[Open-to-the-community] Whisper fine-tuning event

reach-vb · November 25, 2022, 12:27pm

Hey hey!

We are on a mission to democratise speech, increase the language coverage of current SoTA speech recognition and push the limits of what is possible. Come join us from December 5th - 19th for a community sprint powered by Lambda. Through this sprint, we’ll cover 70+ languages, 39M - 1550M parameters & evaluate our models on real-world evaluation datasets.

Register your interest via the Google form here.

What is the sprint about

The goal of the sprint is to fine-tune Whisper in as many languages as possible and make them accessible to the community.

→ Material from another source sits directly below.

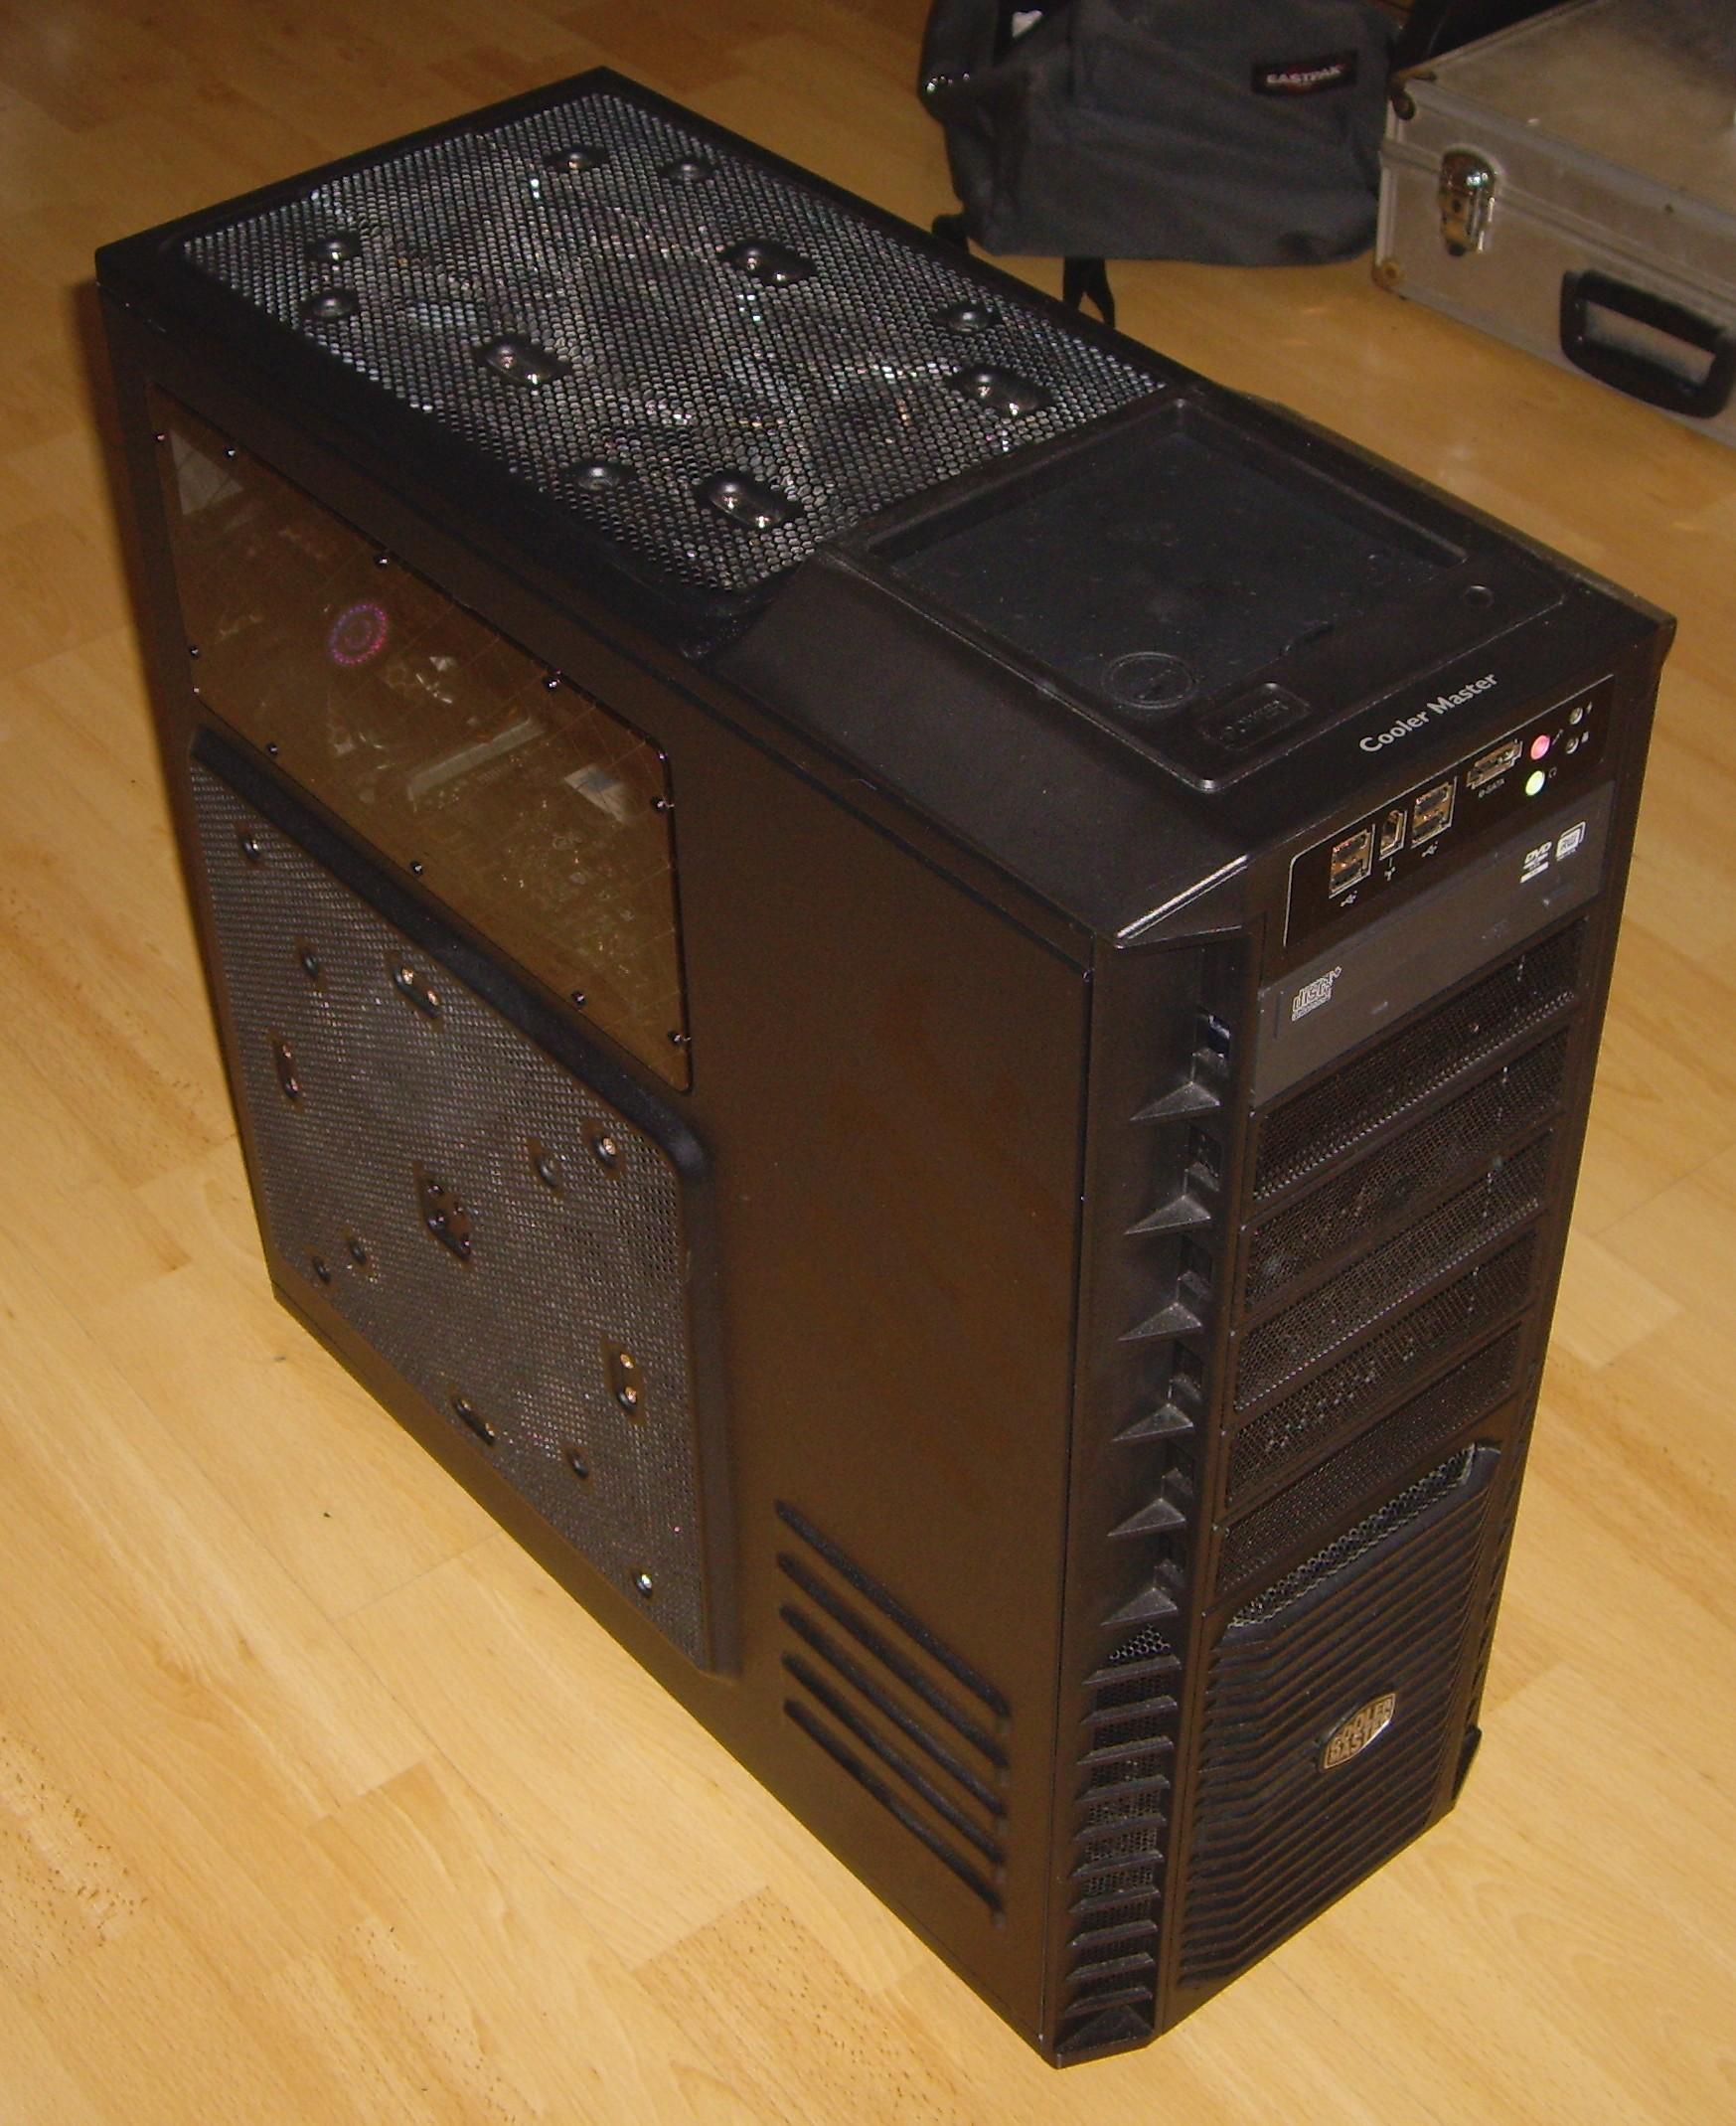 File:Cooler Master HAF 932.jpg
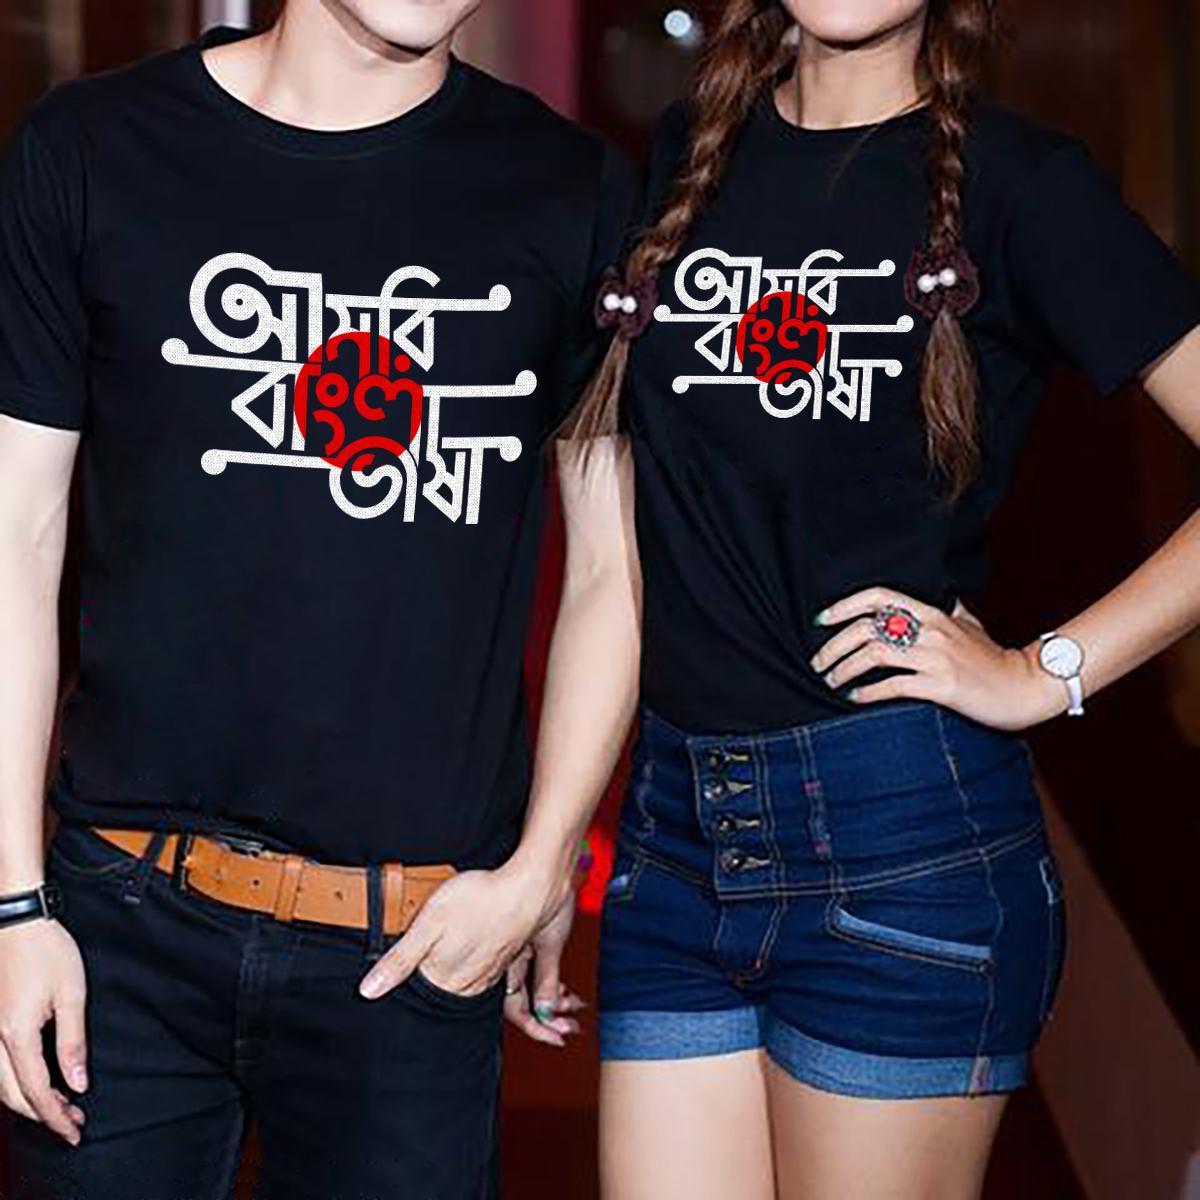 21 february Tshirt design

We hope that especially low-resource languages will profit from this event.

The main components of the sprint consist of:

Open AI’s state-of-the-art Whisper model
Public datasets like Common Voice 11, VoxPopuli, CoVoST2 and more
Real-world audio for evaluation

How does it work

Participants have two weeks to fine-tune Whisper checkpoints in as many languages as they want. The end goal is to build robust language-specific models that generalise well with real-world data. In general, the model repository on the Hugging Face hub should consist of:

Fine-tuned Whisper checkpoint (e.g. Whisper-large)
Evaluation script for your fine-tuned checkpoint
Hugging Face space to demo your fine-tuned model

The best part is that we’ll provide fine-tuning, evaluation and demo scripts for you to focus on the model performance.

During the event, you will have the opportunity to work on each of these components to build speech recognition systems in your favourite language!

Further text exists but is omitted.